With journalist Poonam Agarwal being booked under sections of Official Secrets Act and other sections of the IPC including abetment to suicide in Maharashtra, a women’s media body has demanded that charges against her be dropped.
The Network of Women in Media, India has written a letter demanding the same, which has been forwarded to the Union Home Minister Rajnath Singh, Maharashtra CM Devendra Fadnavis, Director General of Police, Maharashtra and the Union Home Secretary.
The letter is reproduced below.
Hon’ble Union Home Minister,
Government of India
Subject: Drop criminal cases against Poonam Aggarwal
Honourable Minister Shri Rajnath Singh,
We, the Network of Women in the Media, India, a forum for women media professionals across the country condemn in the strongest terms the slapping of cases under the Official Secrets Act and abetment to suicide on journalist Poonam Aggarwal for her video in Quint in February this year which sought to expose the exploitative ‘sahayak’ or ‘buddy’ system in the Indian army (the video has since been taken down).
Our objections are:
1. The intent of any journalistic enterprise, including Ms Aggarwal’s is to report on wrongdoings and misconduct in places of power where common citizens who feel scared of voicing their fears or complaints, do so to a journalist. The intent therefore is to strengthen systems and be the voice of the underdogs, in this case, the jawans. The intent is not to compromise national security.
2. The army cannot make the claim that Poonam Aggarwal was giving out information on the army unless it wishes to make the case that the exploitative ‘sahayak’ or ‘buddy’ system is meant to be an official secret.
3. The army has not established how Poonam Aggarwal's undercover report released in the public domain on a legitimate and legal news media site can be called "spying."
4. As far as entering a restricted area is concerned, the generally accepted line of inquiry is to establish why this was done. If it is to expose something that is of national interest and in the interest of exposing wrongdoing, then it is practiced in India repeatedly and around the world. It does not justify her being charged with a violation of the Official Secrets Act.
5. To charge Poonam Aggarwal with abetting the suicide of Lance Naik Mathew is far-fetched and completely misleading. In this case, the lens should apply to the army, and the inquiry they may have conducted on officers and jawans after Ms Aggarwal’s report was released and the role this may have played. If the police are conducting a fair investigation, this is a question that will need to be answered in the course of the inquiry.

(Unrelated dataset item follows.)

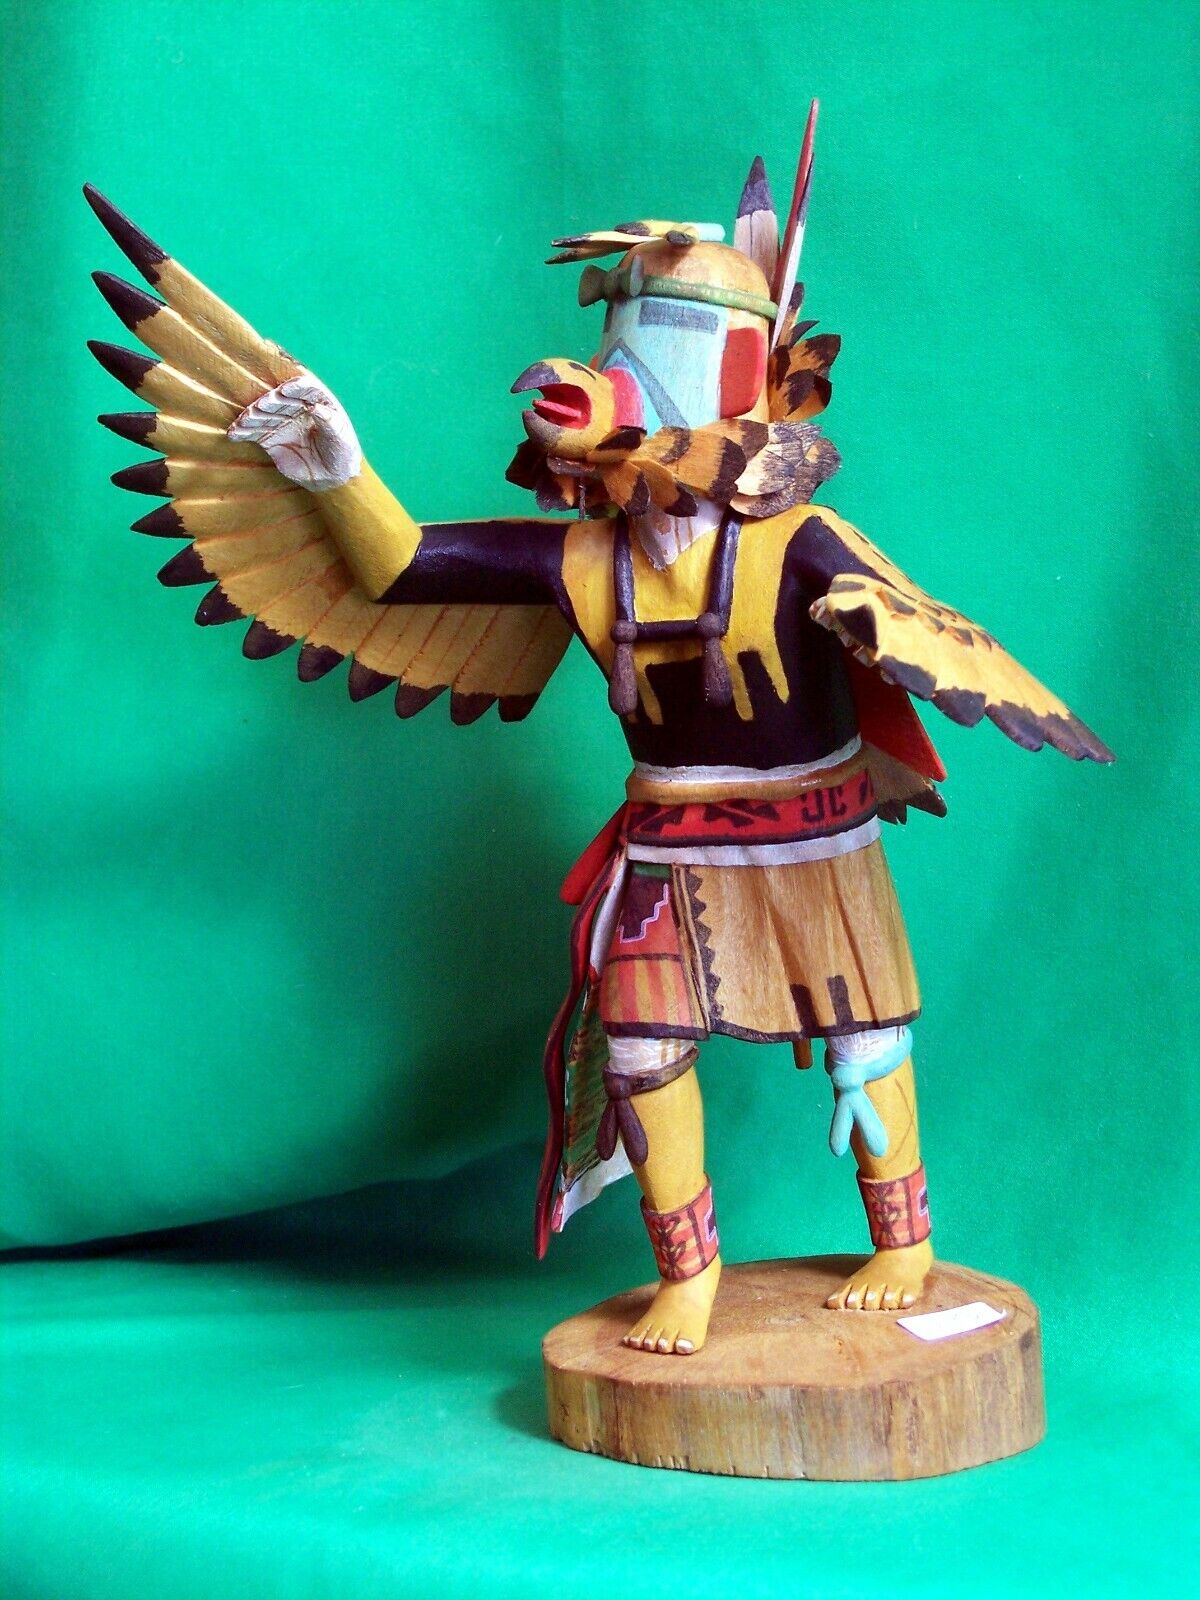 Hopi Kachina Doll - Kwahu, the Eagle Dancer by Joseph Duwyenie - Incredible
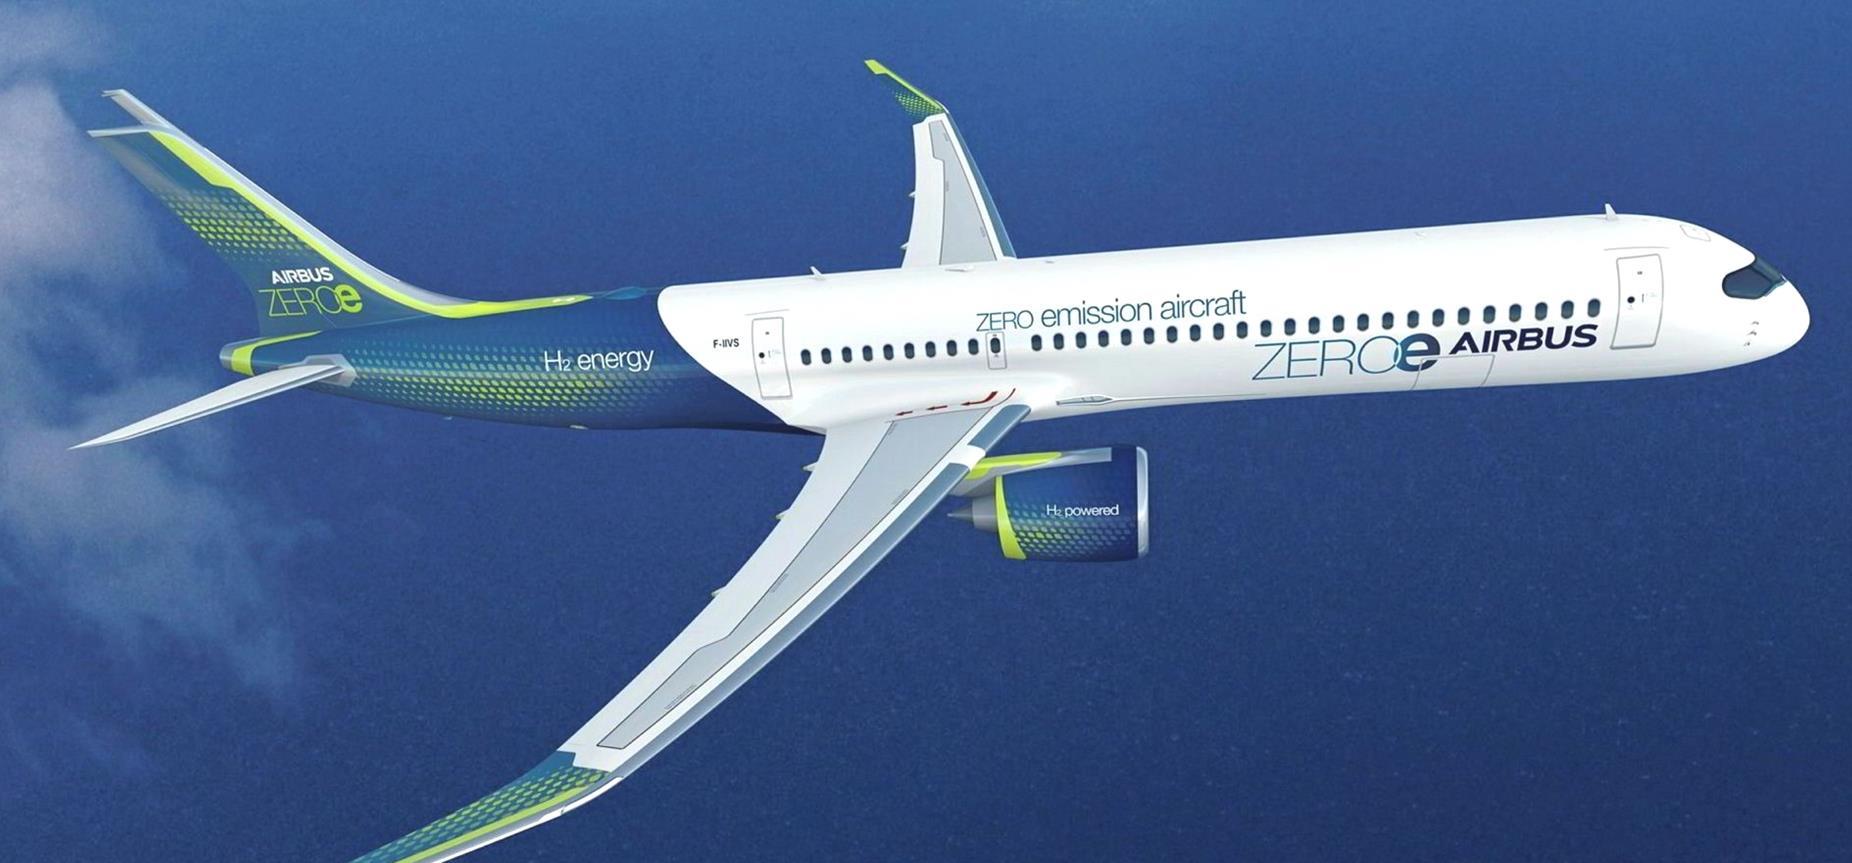 Airbus prevoit de developper une solution pour la propulsion a w092eCJ 2 4

We would like to state that we are firmly behind Poonam Aggarwal in her quest to seek justice against a system that has turned against her. We also propose that if the army or any individual for that matter would like to raise an objection about a report, they should take it up with the Press Council of India which is the proper forum to address any systemic lapses that may occur in the quest for the truth. We would also like to add that singling out the reporter with no attention to the establishment, The Quint, for which she works and which supported, edited and published her story seems like a disproportionate reaction.
We urge the government and the army to thoroughly investigate all angles of this case, and withdraw the charges under the Official Secrets Act and the abetting of suicide since they have no sound basis. It is also apparent that the government and the army are focused on Ms Aggarwal in an effort to derail a thorough and much needed debate on the sahayak system. We demand that the issues raised by the report be given the serious attention they deserve.
Agarwal was booked after the army filed a complaint against her, following the alleged suicide of Lance Naik Roy Mathew who featured in a sting video conducted by her on the Army’s “sahayak” system.
In the alleged suicide note, Mathew had written that he feared he would be subjected to court-martial proceedings for speaking against the Army.